To answer the question, we must draw on the question of how we create our own realities. In his work “Simulacra et Simulation,” French sociologist Jean Baudrillard contends that we no longer are able to distinguish between reality and constructed representations of reality—what he calls “simulacra.” Today, simulations are not even reflections of reality, nor even points of reference, but constructions of a new real; what he calls the “hyperreal,” in which the difference between map and territory disappears.

Baudrillard writes: “The Byzantine Iconoclasts wanted to destroy images in order to abolish meaning and the representation of God.” However, in Baudrillard’s opinion, the Byzantine Iconoclasts were aware of how retaining and revering icons was the best way of letting God disappear and destroying the images was a means of contesting unbelief—not that of others, but their own.

Likewise, ISIS militants exhibit the same metaphysical anxiety. They are caught between identities, territories, spaces and places both physical and philosophical; they are told that they cannot blur the boundaries constructed between Islam and “the West” or “religion” and “modernity” or “faith” and “secularism.” In an effort to combat the furious war inside themselves, they lash out in violent and visceral expressions of radical belief that serve simultaneously as articulations of a blistering deep-seated skepticism.

Living in a globalized world and actively encountering the West and other cultures, many Muslims undergo a destabilizing process that isolates the individual from former identity markers.

In contact with global currents, everything that used to define them—their family, culture, dress, class, political affiliation—is awash in a sea of competing claims and they choose Islam as the strongest source from which to rebuild themselves. In this process is offered what social sciences professor Olivier Roy calls, “the realization of the self.” Islam becomes the way that the marginalized and lonely Muslim in the West attempts to reconstruct his identity.

Of course, this self cannot be rebuilt alone. A community is needed within which the self can be resurrected. Enter ISIS, which offers answers to what ails secluded Muslims across the globe.

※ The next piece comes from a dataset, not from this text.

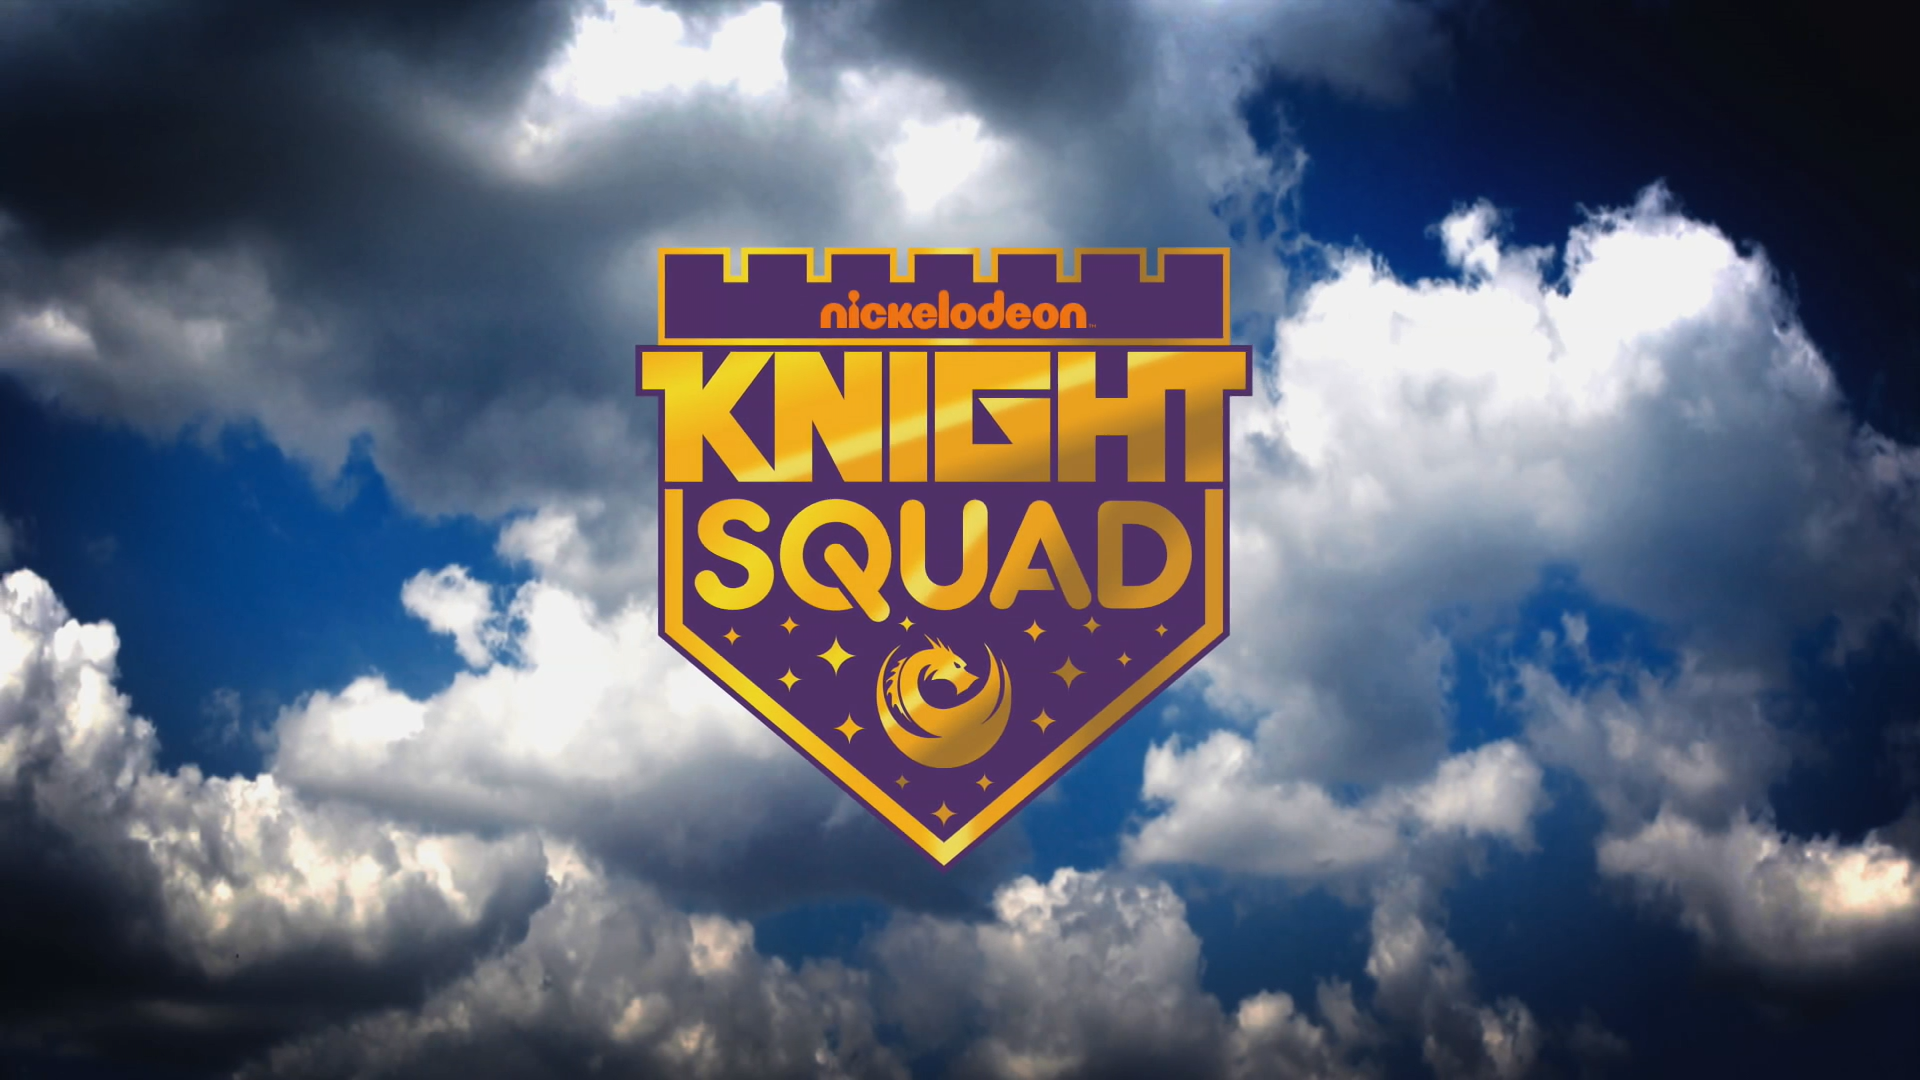 Knight Squad - Wikipedia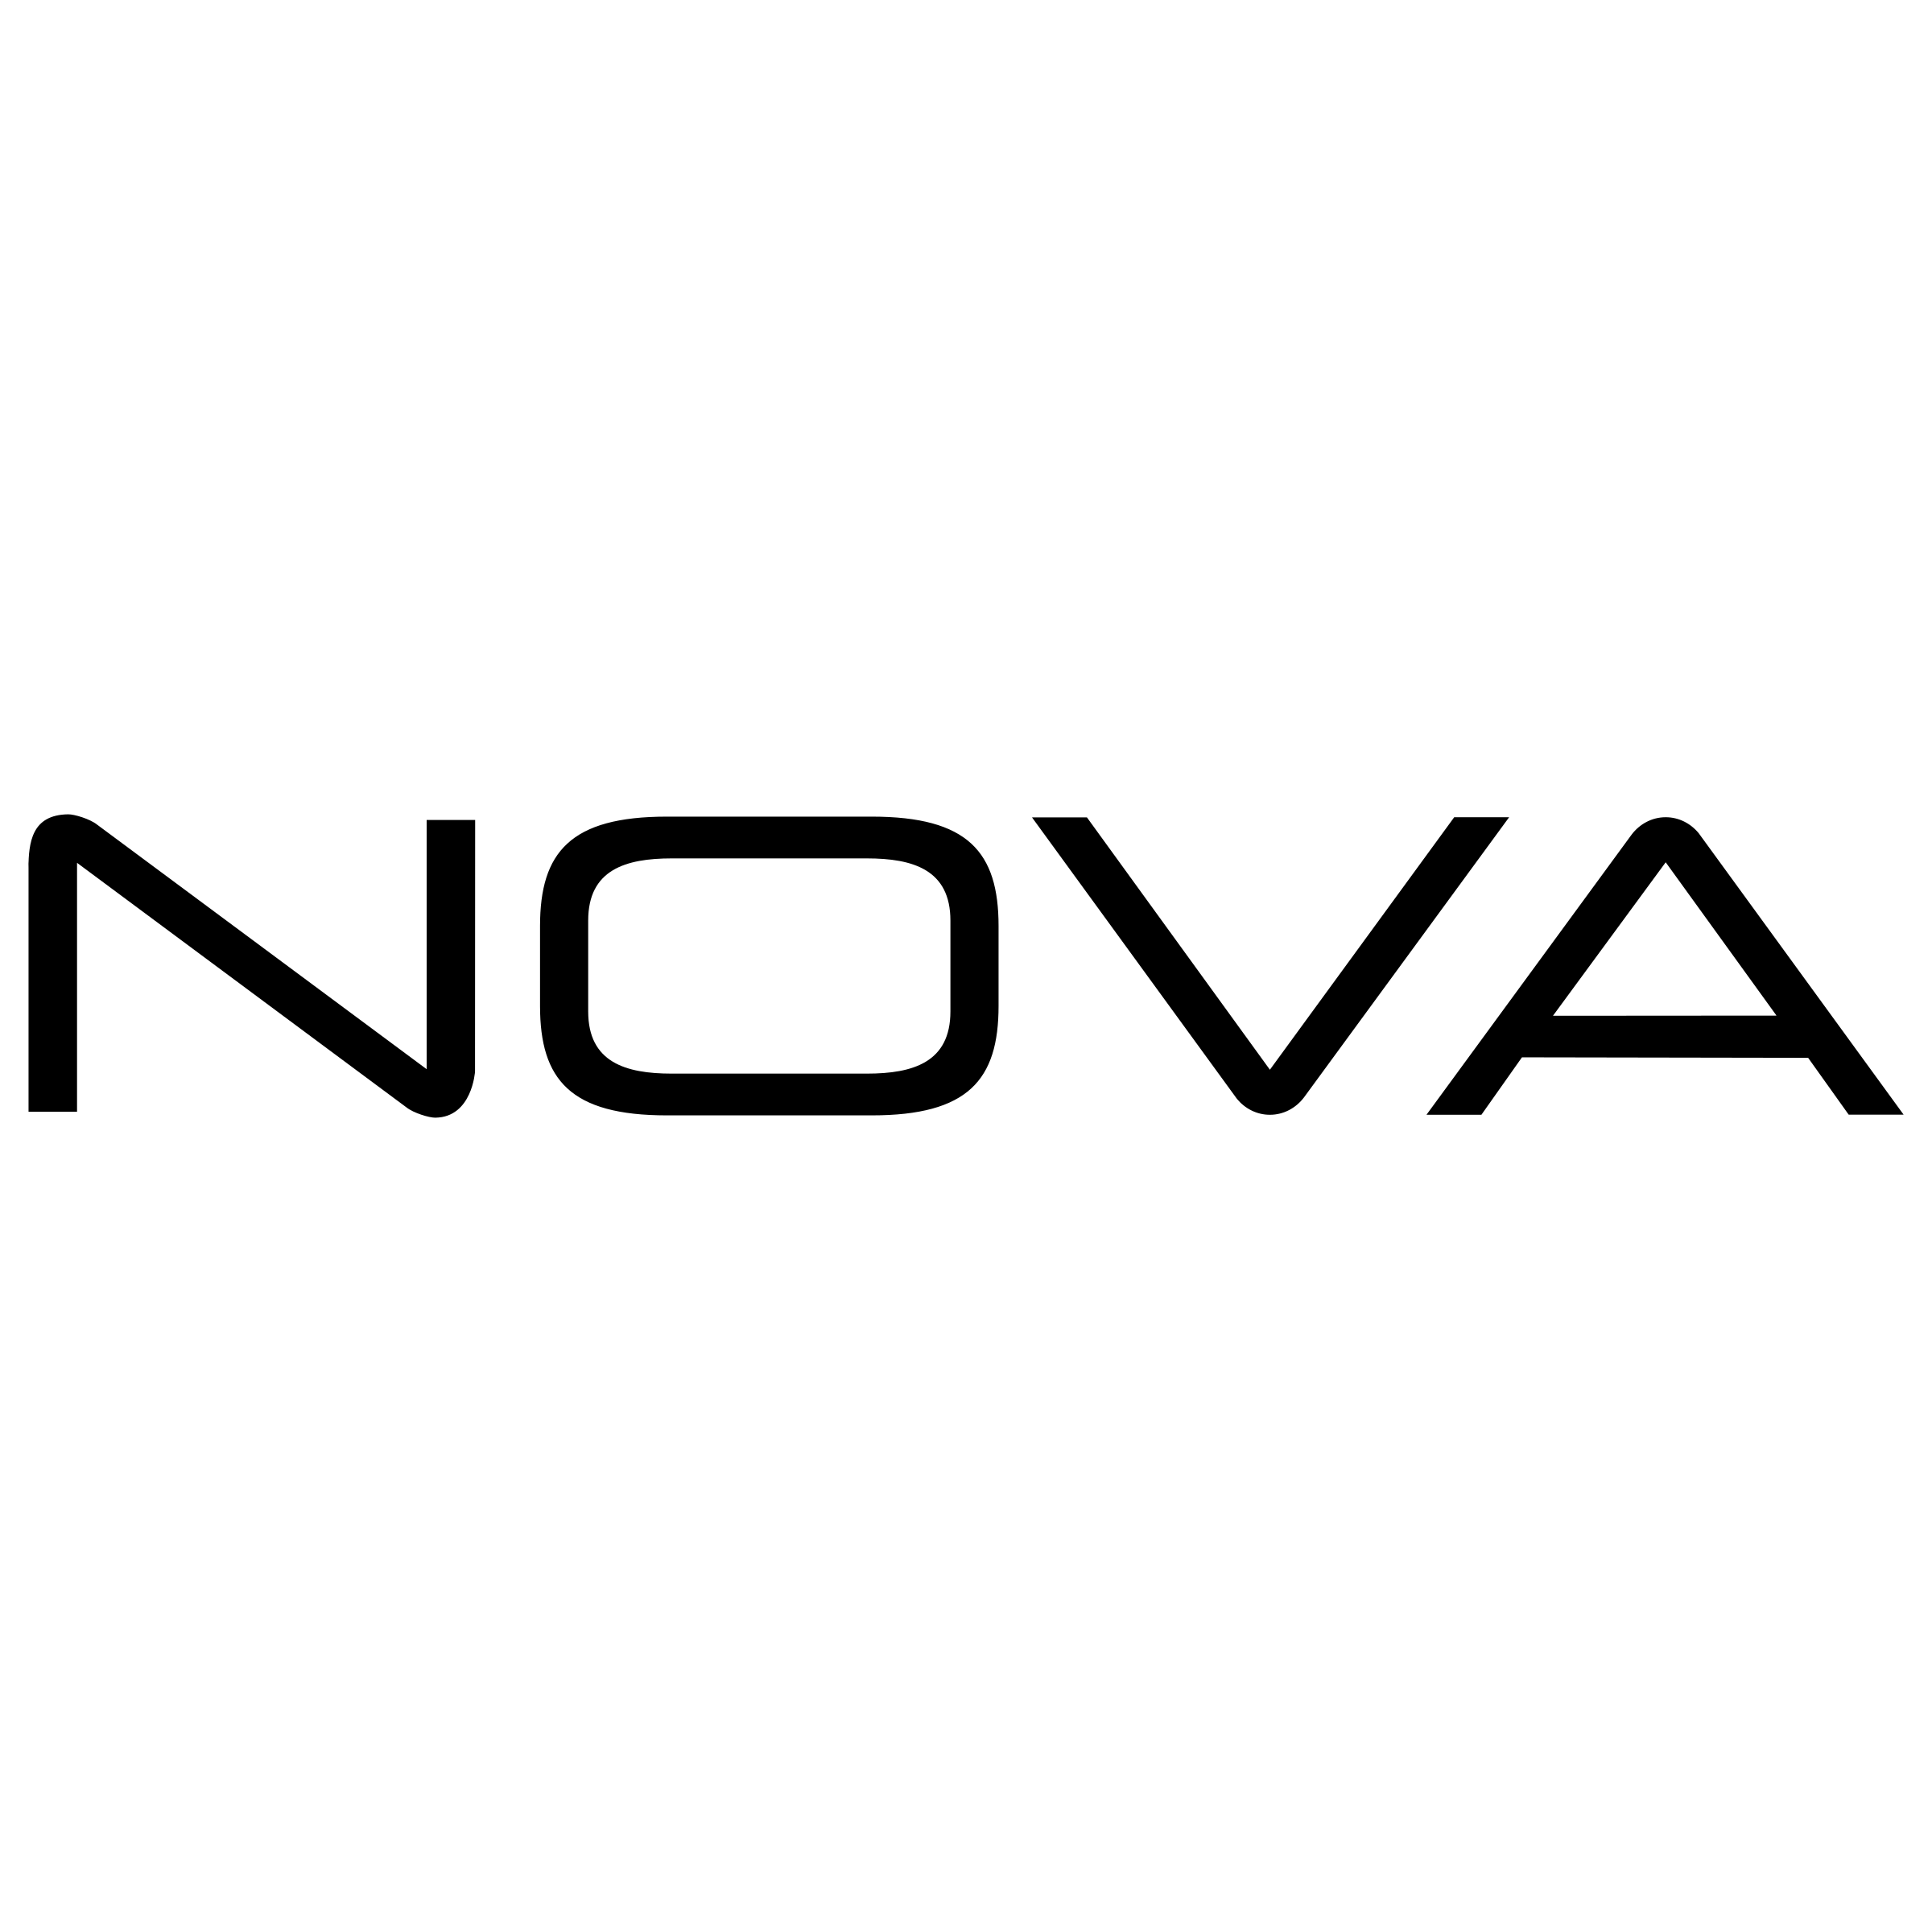 Nova Logo - Nova Logo PNG Transparent & SVG Vector

Finding release through destruction of icons

One of the ways ISIS does this is through its brutal and iconoclastic campaigns of destruction. As these men struggle with what it is to be Muslim in a global age and wrestle with the secular identities, they find release and a salve for their tormented souls in destroying the images and icons in which God hides in a modern world where all images are, in effect, simulacra.

With this frame it is possible to posit that some ISIS members are not driven by a heightened sense of religiosity, but instead by the fear that their religion is just as relative as so many other variables in their life.

ISIS militants and leaders are not thoughtless iconoclasts; they possess an internally sound reasoning for destroying shrines and images that is set within a wider nexus of Salafi thought. But it must be realized that in their efforts to destroy shrines, statues and heritage sites, ISIS is attempting to defeat the tumultuous flood of secular skepticism in their own souls.

This means we should consider ISIS within a wider context of discussions of modernity and religion. To understand ISIS, we cannot cast them out to the periphery as solely the product of bombastic Islamic rhetoric. Instead, as iconoclasts, ISIS—along with other jihadi Salafi groups such as Boko Haram, Al-Shabaab and the Taliban—should be considered as representing inherently modern philosophies, just as the West produces and consumes modern philosophies.

This perspective does not deny the Islamic elements of ISIS thought. But it also connects modernist, even postmodern, sensibilities to interpretations of ISIS actions and illustrates that ISIS is wrestling with questions of self and identity that we all struggle with—whether we admit it or not.

Ken Chitwood is a Ph.D. student and teaching assistant fellow at University of Florida studying religion in the Americas. He is affiliated with the Religion Newswriters Association as a Board Member and is an ordained Lutheran pastor in the Lutheran Church Missouri Synod.